In response, chocolate manufacturers have invested in new schools and worked with third-party auditors. Governments have also set price floors for cocoa.

Nestle and Hershey said they have worked on improving yields to boost farmers’ incomes. Mars and Barry Callebaut declined to comment. Mondelez did not respond to a request for an interview.

Despite efforts to improve the lot of African cocoa growers, many are still turning to other crops such as palm and rubber.

The cocoa farmers’ departure, coupled with drought, plant disease and rising demand for chocolate in emerging markets such as China and India, has the industry worried about a potential 1-million-metric-ton gap between supply and demand by 2020.

In the meantime, cocoa prices remain among the highest in years, prompting Mondelez (maker of Cadbury and Milka), Mars (M&M’s, Snickers and Twix), Hershey and Switzerland’s Lindt & Sprüngli to raise prices.

One of the industry’s answers to the price pressure has been the introduction of CCN51, a controversial cocoa varietal developed in Ecuador. Highly productive and rugged, the plant is being lauded by an industry that regularly loses half its crop to pests and disease.

“Some people have said it tastes like acid dirt,” said Ed Seguine, president of Seguine Cacao, Cocoa & Chocolate Advisors in Hanover, Pa. “The concern is it will push out flavor.”

That dedication to flavor has inspired small start-ups in the U.S. such as LetterPress Chocolate, which is run out of David Menkes’ second-floor apartment in West L.A.

A Sony Pictures animator by day and a chocolate maker by night, Menkes has spent the last few years studying cocoa, exploring Central America and even visiting a cacao boot camp in Hawaii to learn the bean-to-bar ropes.

His laundry room is stacked with plastic tubs full of beans from the Dominican Republic, Peru, Trinidad and Tanzania. He combined a vacuum cleaner with PVC pipes and a paint bucket to blow the shells off the beans.
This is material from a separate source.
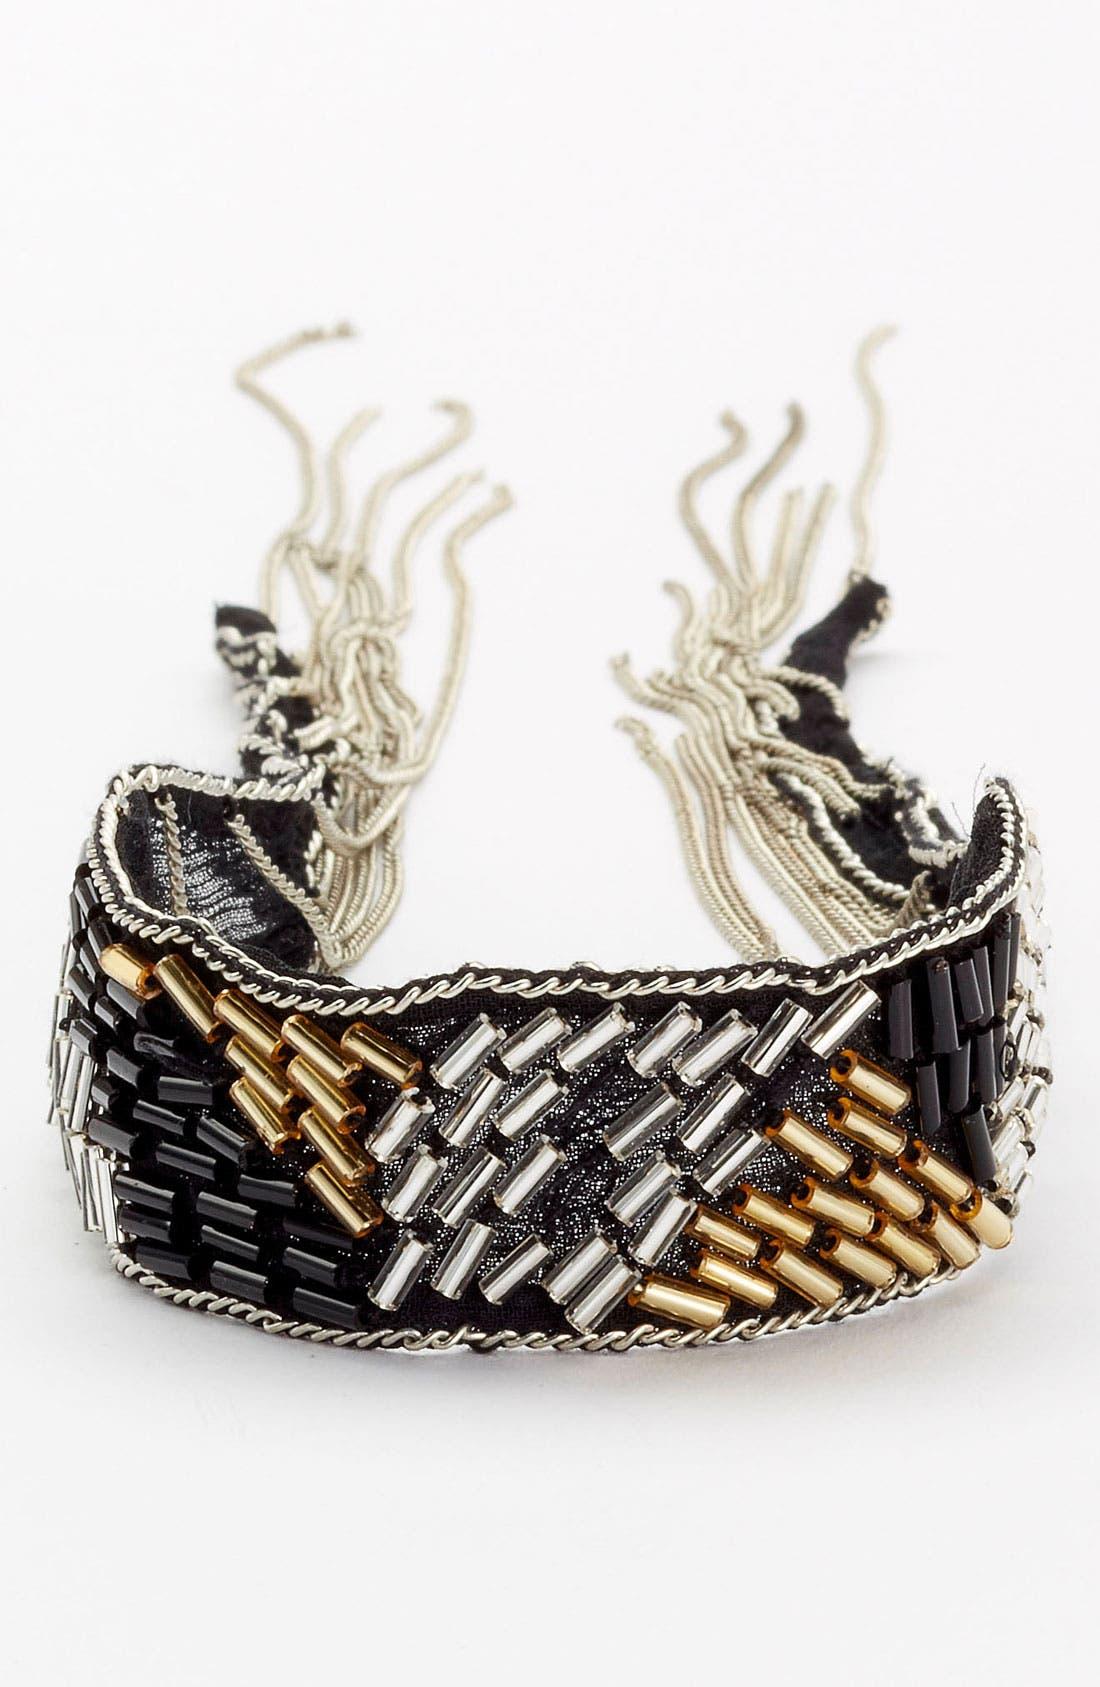 Alternate Image 1 Selected - Chan Luu Silk Chiffon Tie Bracelet
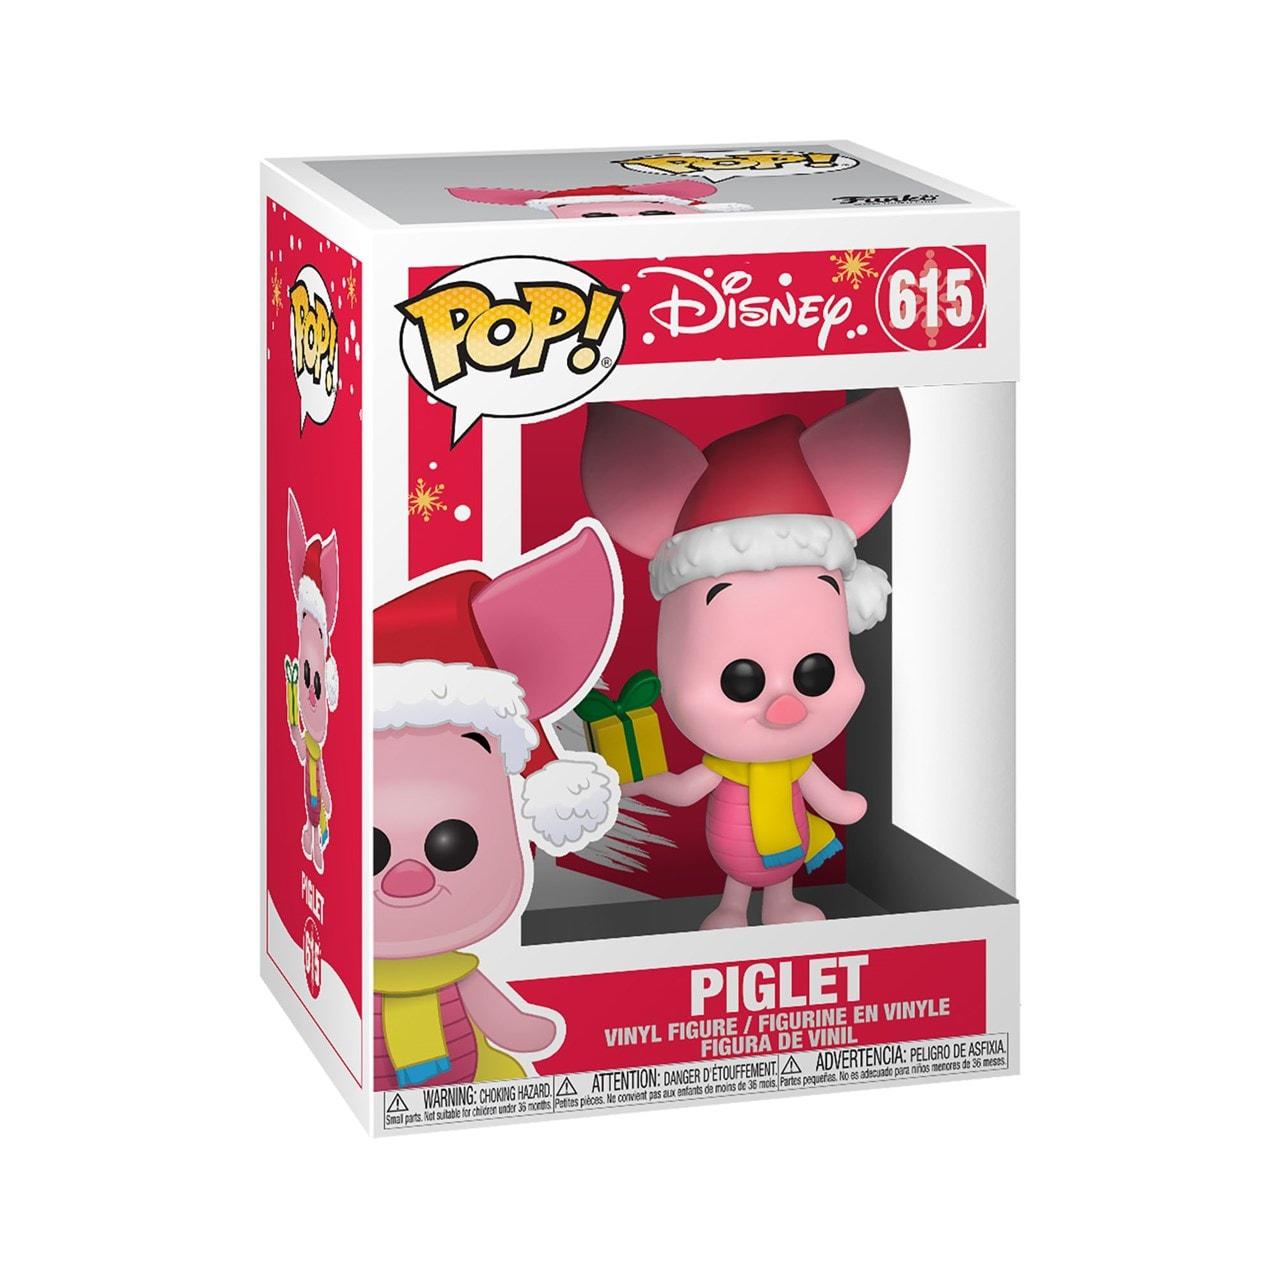 Holiday Piglet (615) Winnie The Pooh: Disney Pop Vinyl - 2

What’s left are called nibs, which are ground into cocoa liquor using Indian wet grinders designed for making dosa, a sort of crepe.

“Cacao farmers need to be incentivized to grow high-quality cacao trees,” said Menkes, 36. “That means the public needs to be willing to pay more for premium chocolate and understand the difference between good and bad cacao.

“I find it endlessly frustrating that someone can melt a bar of awful chocolate produced in Switzerland and charge the exact same price as a hand-crafted bar.”